What is expected:
Repeat the records given below in full, with no changes.

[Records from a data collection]
══════════
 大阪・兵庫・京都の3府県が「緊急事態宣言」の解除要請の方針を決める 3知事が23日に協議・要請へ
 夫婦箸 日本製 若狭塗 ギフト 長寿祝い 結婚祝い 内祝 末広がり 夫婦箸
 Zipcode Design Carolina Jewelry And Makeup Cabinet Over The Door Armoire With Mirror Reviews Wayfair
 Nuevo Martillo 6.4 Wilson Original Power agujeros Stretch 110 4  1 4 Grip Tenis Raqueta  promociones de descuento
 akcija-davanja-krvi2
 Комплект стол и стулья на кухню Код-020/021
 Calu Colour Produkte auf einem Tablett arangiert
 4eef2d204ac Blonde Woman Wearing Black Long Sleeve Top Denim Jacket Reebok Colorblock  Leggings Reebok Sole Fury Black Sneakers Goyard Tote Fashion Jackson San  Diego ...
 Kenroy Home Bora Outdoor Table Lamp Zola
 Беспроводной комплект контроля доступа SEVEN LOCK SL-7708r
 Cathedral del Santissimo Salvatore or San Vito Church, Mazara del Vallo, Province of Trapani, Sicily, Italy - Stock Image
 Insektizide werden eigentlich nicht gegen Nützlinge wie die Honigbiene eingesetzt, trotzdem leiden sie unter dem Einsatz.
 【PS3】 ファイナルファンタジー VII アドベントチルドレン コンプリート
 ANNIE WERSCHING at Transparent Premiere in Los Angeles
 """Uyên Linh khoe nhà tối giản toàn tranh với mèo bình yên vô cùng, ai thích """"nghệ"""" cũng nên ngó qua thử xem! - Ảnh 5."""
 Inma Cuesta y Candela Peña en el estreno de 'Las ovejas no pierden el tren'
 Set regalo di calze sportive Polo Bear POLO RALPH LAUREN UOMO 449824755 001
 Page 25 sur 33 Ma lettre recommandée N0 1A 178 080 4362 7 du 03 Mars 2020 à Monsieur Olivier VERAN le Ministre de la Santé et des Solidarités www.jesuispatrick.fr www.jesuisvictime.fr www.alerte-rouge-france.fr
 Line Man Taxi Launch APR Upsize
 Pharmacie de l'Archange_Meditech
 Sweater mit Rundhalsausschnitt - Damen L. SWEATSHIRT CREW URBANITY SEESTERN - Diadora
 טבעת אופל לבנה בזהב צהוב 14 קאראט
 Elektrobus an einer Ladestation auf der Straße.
══════════
Exercise output:
 大阪・兵庫・京都の3府県が「緊急事態宣言」の解除要請の方針を決める 3知事が23日に協議・要請へ
 夫婦箸 日本製 若狭塗 ギフト 長寿祝い 結婚祝い 内祝 末広がり 夫婦箸
 Zipcode Design Carolina Jewelry And Makeup Cabinet Over The Door Armoire With Mirror Reviews Wayfair
 Nuevo Martillo 6.4 Wilson Original Power agujeros Stretch 110 4  1 4 Grip Tenis Raqueta  promociones de descuento
 akcija-davanja-krvi2
 Комплект стол и стулья на кухню Код-020/021
 Calu Colour Produkte auf einem Tablett arangiert
 4eef2d204ac Blonde Woman Wearing Black Long Sleeve Top Denim Jacket Reebok Colorblock  Leggings Reebok Sole Fury Black Sneakers Goyard Tote Fashion Jackson San  Diego ...
 Kenroy Home Bora Outdoor Table Lamp Zola
 Беспроводной комплект контроля доступа SEVEN LOCK SL-7708r
 Cathedral del Santissimo Salvatore or San Vito Church, Mazara del Vallo, Province of Trapani, Sicily, Italy - Stock Image
 Insektizide werden eigentlich nicht gegen Nützlinge wie die Honigbiene eingesetzt, trotzdem leiden sie unter dem Einsatz.
 【PS3】 ファイナルファンタジー VII アドベントチルドレン コンプリート
 ANNIE WERSCHING at Transparent Premiere in Los Angeles
 """Uyên Linh khoe nhà tối giản toàn tranh với mèo bình yên vô cùng, ai thích """"nghệ"""" cũng nên ngó qua thử xem! - Ảnh 5."""
 Inma Cuesta y Candela Peña en el estreno de 'Las ovejas no pierden el tren'
 Set regalo di calze sportive Polo Bear POLO RALPH LAUREN UOMO 449824755 001
 Page 25 sur 33 Ma lettre recommandée N0 1A 178 080 4362 7 du 03 Mars 2020 à Monsieur Olivier VERAN le Ministre de la Santé et des Solidarités www.jesuispatrick.fr www.jesuisvictime.fr www.alerte-rouge-france.fr
 Line Man Taxi Launch APR Upsize
 Pharmacie de l'Archange_Meditech
 Sweater mit Rundhalsausschnitt - Damen L. SWEATSHIRT CREW URBANITY SEESTERN - Diadora
 טבעת אופל לבנה בזהב צהוב 14 קאראט
 Elektrobus an einer Ladestation auf der Straße.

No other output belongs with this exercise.